Opioid receptors, a kind of G protein-coupled receptors
(GPCRs),
mainly mediate an analgesic response via allosterically transducing
the signal of endogenous ligand binding in the extracellular domain
to couple to effector proteins in the intracellular domain. The δ
opioid receptor (DOP) is associated with emotional control besides
pain control, which makes it an attractive therapeutic target. However,
its allosteric mechanism and key residues responsible for the structural
stability and signal communication are not completely clear. Here
we utilize the Gaussian network model (GNM) and amino acid network
(AAN) combined with perturbation methods to explore the issues. The
constructed fcfGNMMD, where the force constants are optimized
with the inverse covariance estimation based on the correlated fluctuations
from the available DOP molecular dynamics (MD) ensemble, shows a better
performance than traditional GNM in reproducing residue fluctuations
and cross-correlations and in capturing functionally low-frequency
modes. Additionally, fcfGNMMD can consider implicitly the
environmental effects to some extent. The lowest mode can well divide
DOP segments and identify the two sodium ion (important allosteric
regulator) binding coordination shells, and from the fastest modes,
the key residues important for structure stabilization are identified.
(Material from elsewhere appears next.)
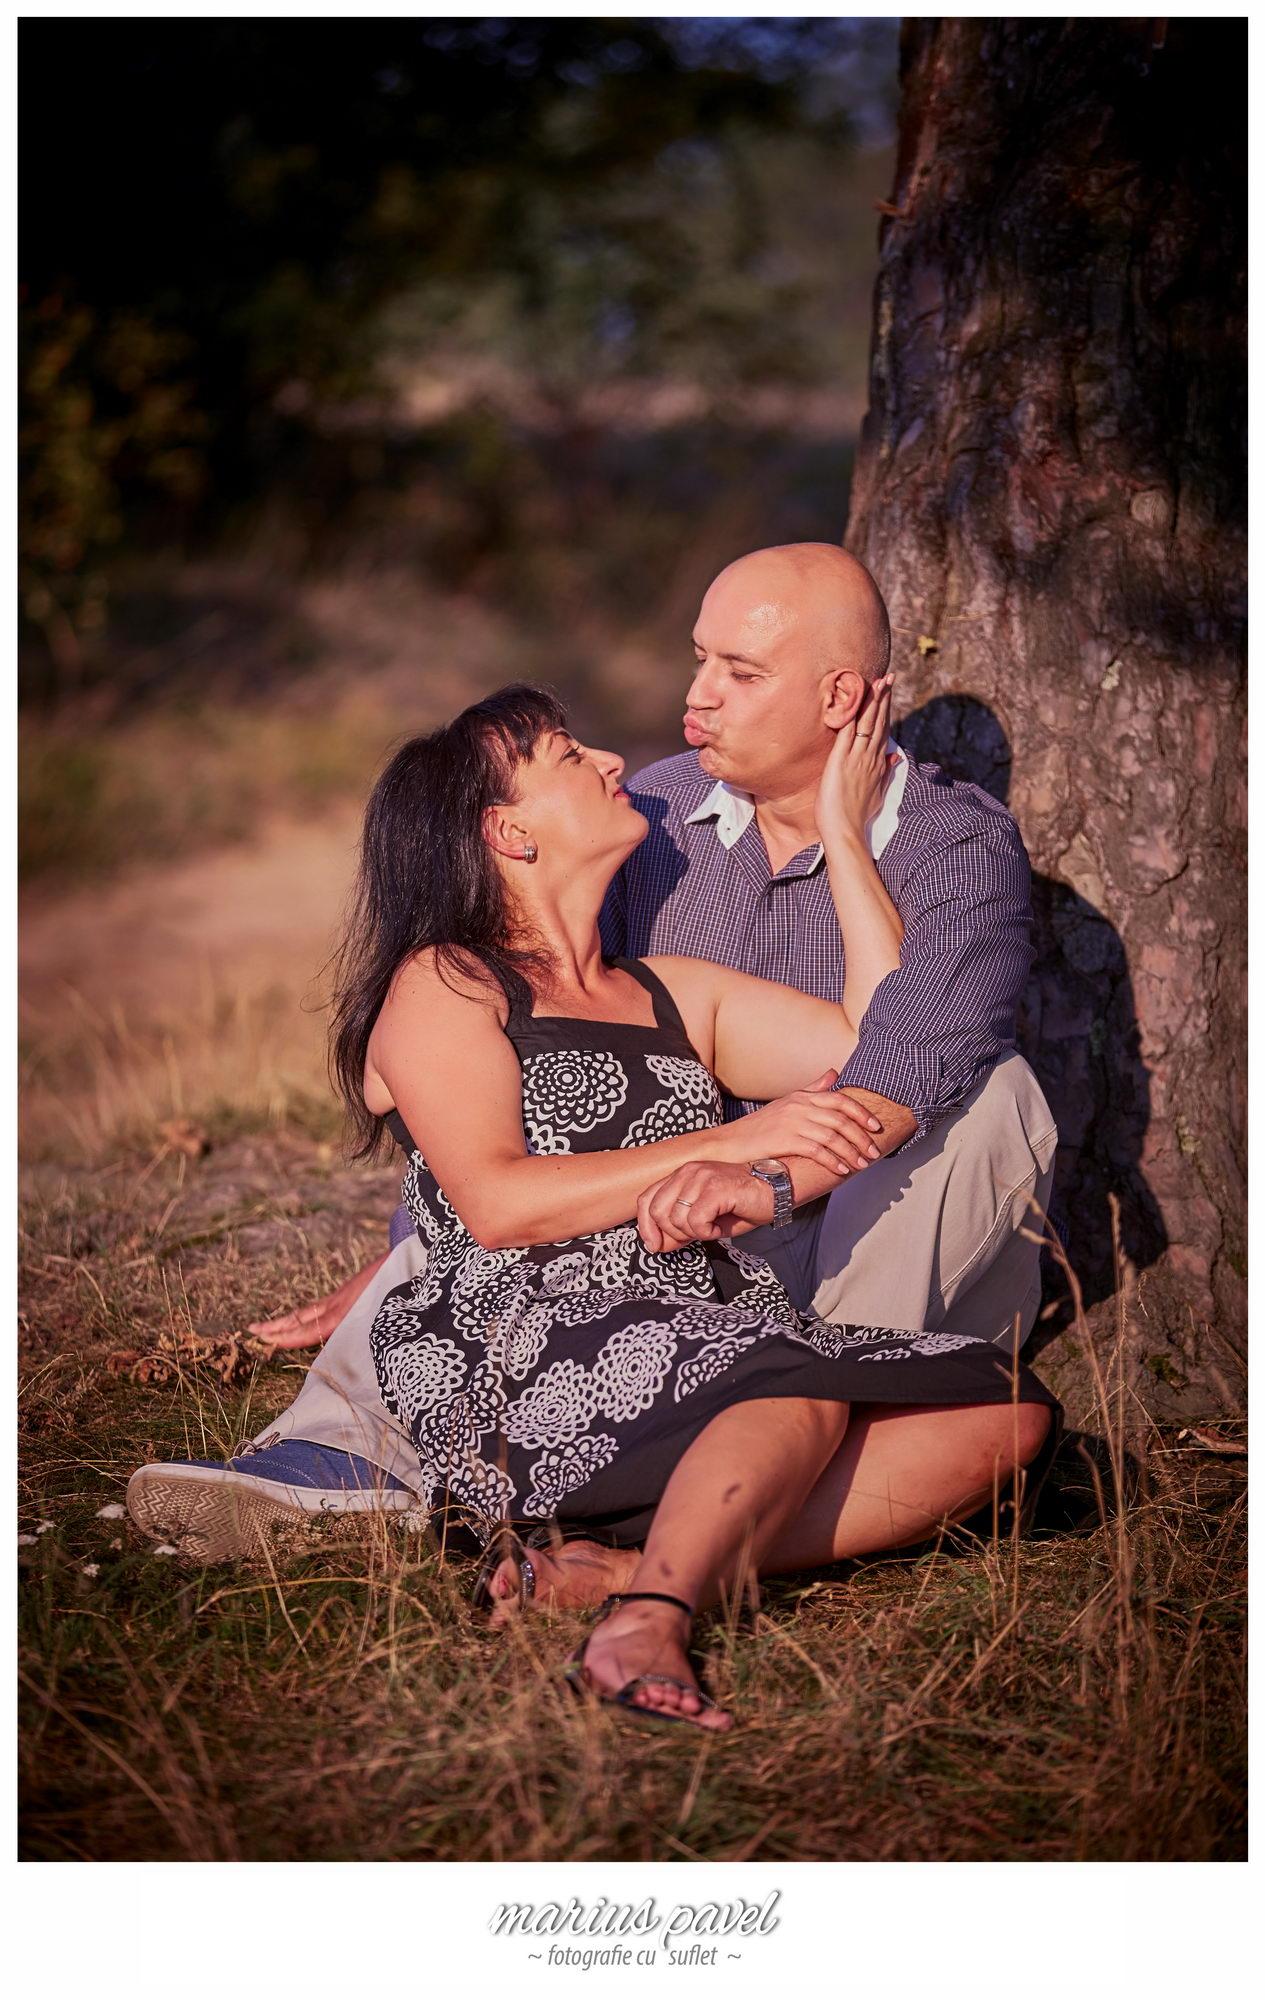 Sedinta foto dinaintea nuntii Brasov cu mirii

Using fcfGNMMD combined with a dynamic perturbation-response
method, we explore the key residues related to the sodium ion binding.
Interestingly, we identify not only the key residues in sodium ion
binding shells but also the ones far away from the perturbation sites,
which are involved in binding with DOP ligands, suggesting the possible
long-range allosteric modulation of sodium binding for the ligand
binding to DOP. Furthermore, utilizing the weighted AAN combined with
attack perturbations, we identify the key residues for allosteric
communication. This work helps strengthen the understanding of the
allosteric communication mechanism in δ opioid receptor and
can provide valuable information for drug design.